There’s also prior authorization (PA). This is very widespread throughout the commercial population and the Medicaid population. Should a patient need to take a treatment that isn’t covered by the health plan, the physician has to fill out a form and send it to the pharmacy for approval to distribute the product. But the impact of PA depends on the amount of time required to complete the necessary forms. There are some health plans I’ve seen that employ a short, half-page document requiring a signature, which take a few minutes to complete.

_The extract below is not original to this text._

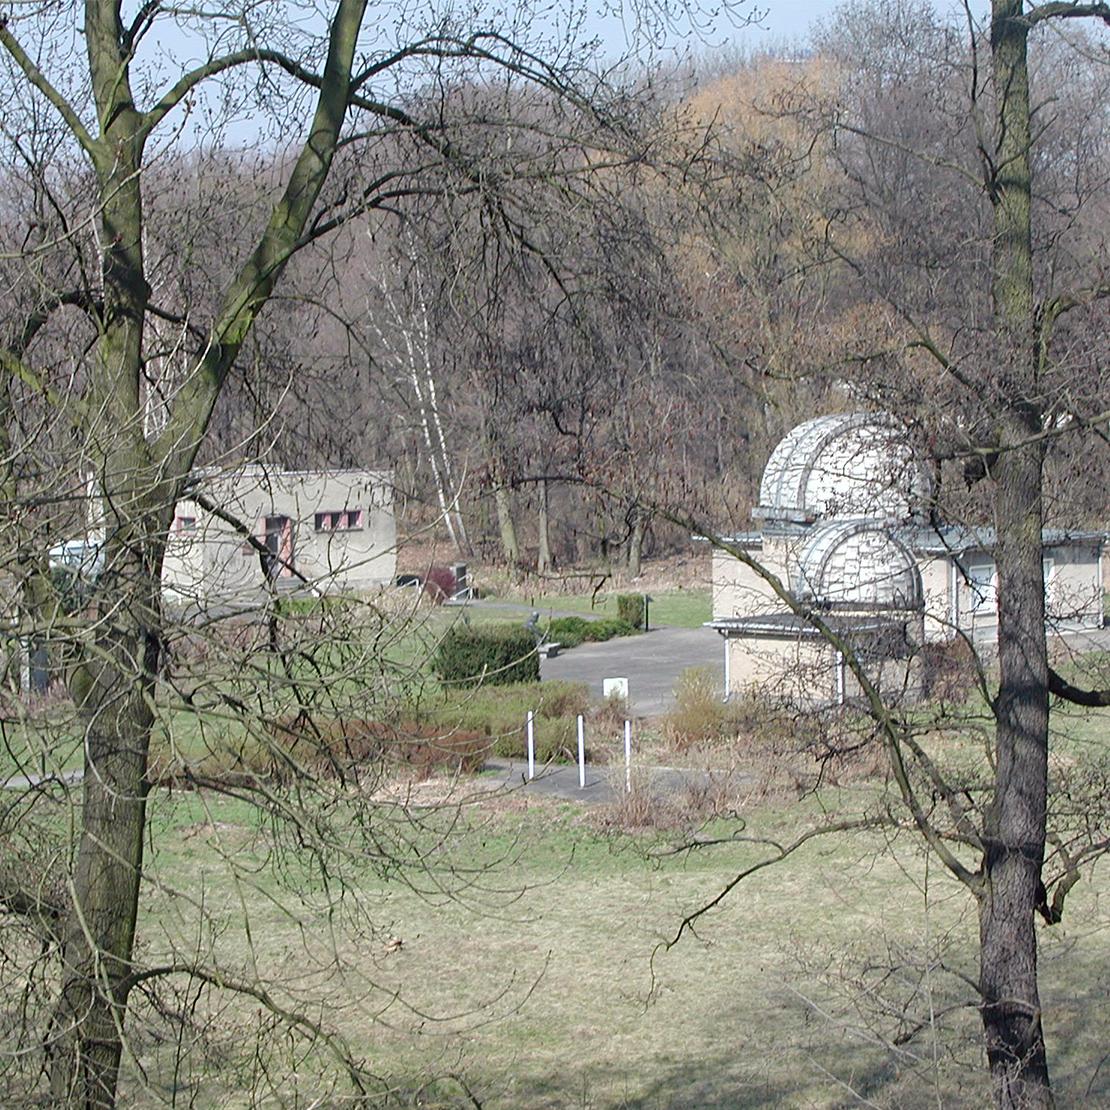 Between 1960 and 1965, further buildings are erected on the open-air site of the Archenhold-Observatory. © SPB / Photo: E. Rothenberg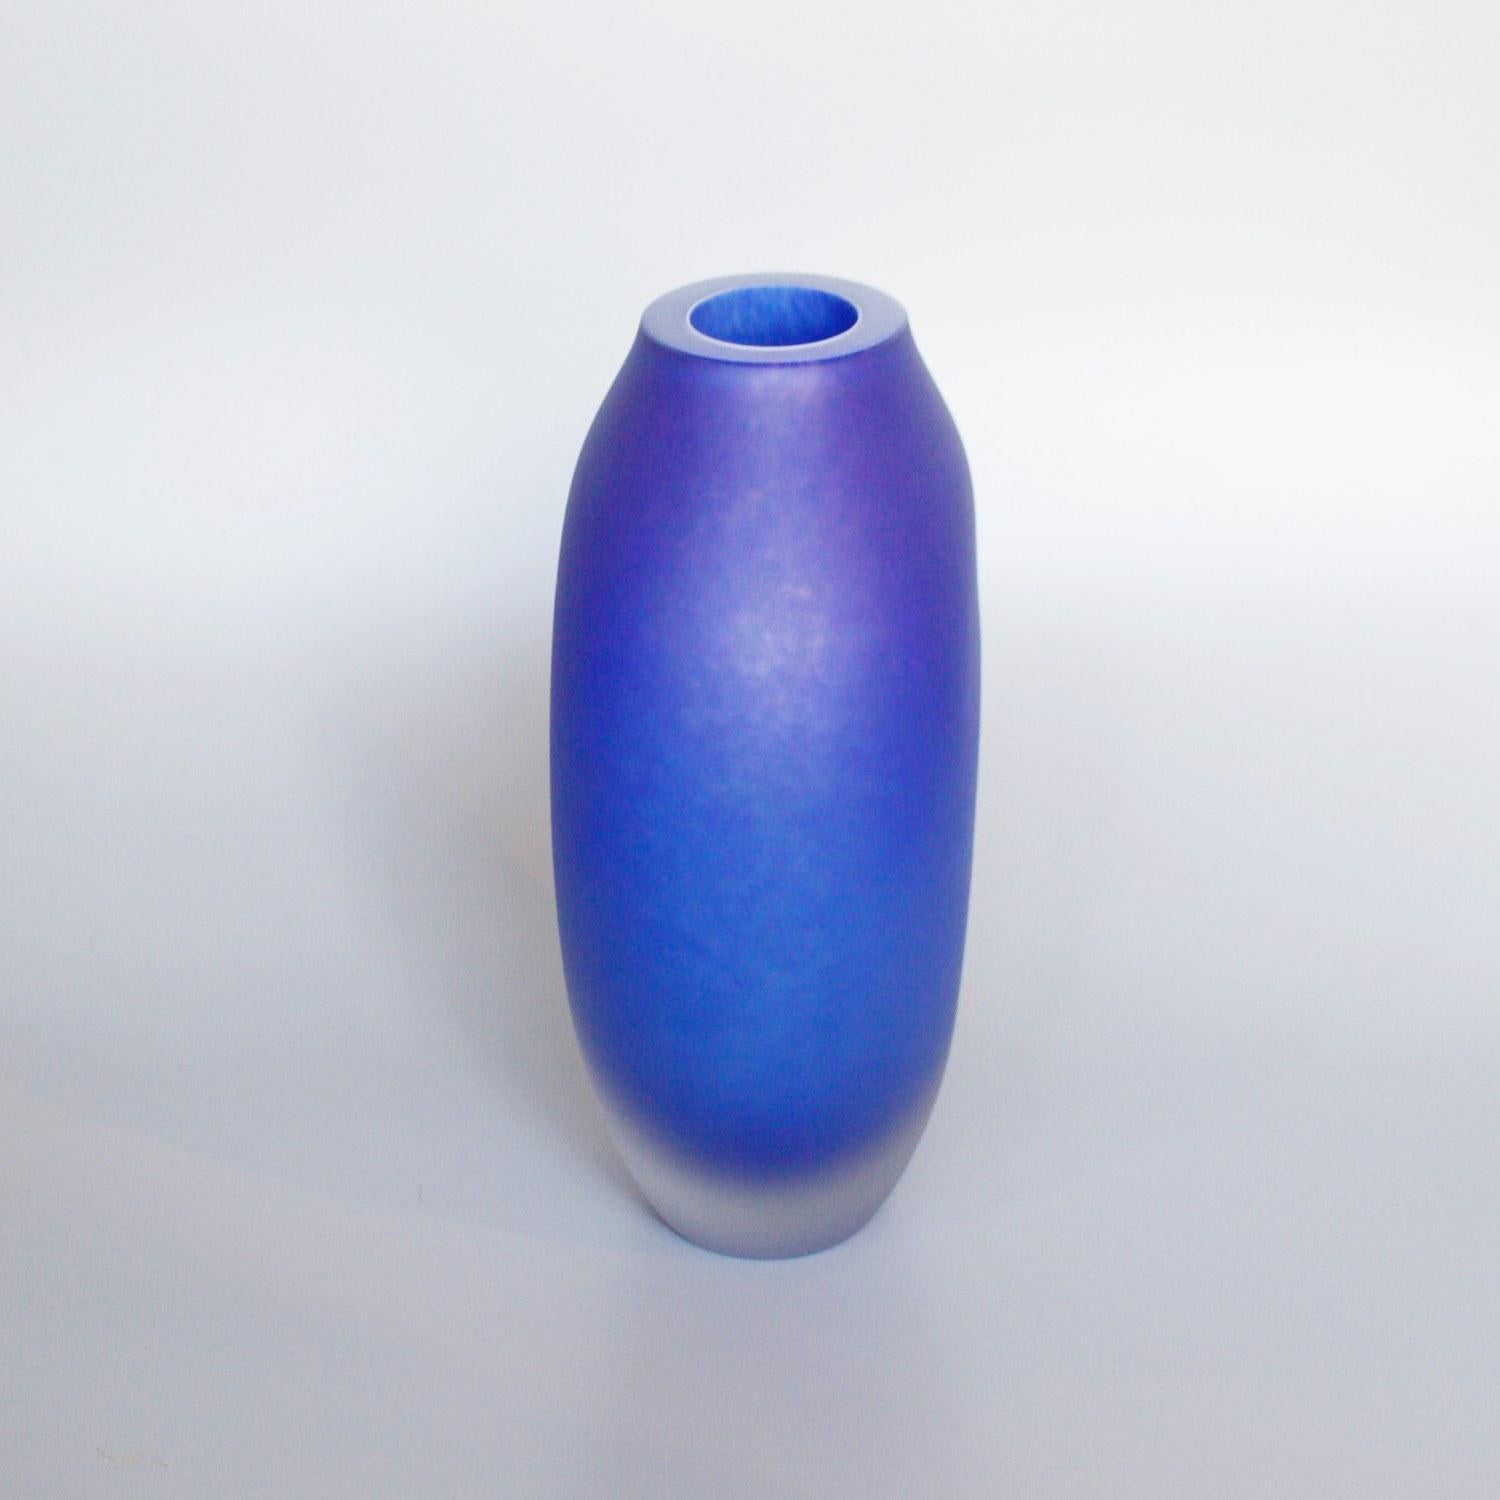 Italian Frosted Blue Murano Glass Vase by Ercole Barovier for Barovier & Toso circa 1970

But I’ve also seen PAs that are four to five pages long that involve filling out a patient’s healthcare history and prescription list, among other details. This eats up a lot of the physician’s time and can be an automatic kill-switch to pushing for the drug. Health Plans could employ such a PA for any novel biologic where a biosimilar is available.

Welch: I’ve heard that, at some point, the industry should expect to see 70 to 75 percent discounts on biosimilars. Do you believe this day will come, and do you have any concerns about this large of a discount?

Engert: I don’t believe the notion of 70 to 75 percent discounts is altogether disruptive or catastrophic — especially because you used the phrase ‘at some point.’ This doesn’t translate to this year or next year. I absolutely agree discounts this large could happen in the U.S.; it’s just a question of when. Frankly, I expect some products will have discounts that are even steeper than 70 or 75 percent. This will all depend on the product, the level of adoption, the number of players, as well as the channel through which the product is actually being provided.

Welch: Do you expect the market will actually be sustainable with these discounts?

Engert: Say, for a moment, that we’re ten years into the biosimilar market. We understand that, given the complexity of the molecule, the key to solving and answering whether a molecule is a biosimilar is driven by the analytical methods that we used initially in characterizing the molecule. Once you’ve mastered the analytical methods to demonstrate true similarity, you don’t even have to do Phase 3 clinical trials against the same indications that the originator product did, hypothetically speaking. As such, you’ve just wiped anywhere from $40 million to $100 million off of the development costs, depending on the complexity of the product and the clinical trial design.

I’d also say that, if adoption rates are high enough, a company won’t have to turn to its specialty medicines group and build up its salesforce to create hype about biosimilars. Instead, biosimilars are likely being substituted, and a company will be relying on a handful of people who manage the relationships with payers, group purchasing organizations (GPOs), wholesalers, and retail chains. Your sales and marketing costs decrease substantially.

Welch: What is your biggest concern right now about the market?

Engert: Imagine a biosimilar company today. It can’t demonstrate totality of the evidence based solely on characterization and analytical methods. They have to go through the Phase 3 clinical trials. If that product happens to be entering the market just when there’s a flood of competition and biosimilars have been accepted based on characterization and analytical methods, suddenly a company is facing the 80 percent price compression on a product where they had to spend greater resources on development, sales, and marketing. It’s that middle space that makes me nervous. The pure specialty-play and the pure generic worlds don’t make me nervous. What concerns me is if you’re spending all the money as if the biosimilar is a specialty play and then suddenly the market flips generic on you. Once the market flips to generic, a company will be fine if it can set itself up for that. But there are some products and companies that could, unfortunately, get caught in between.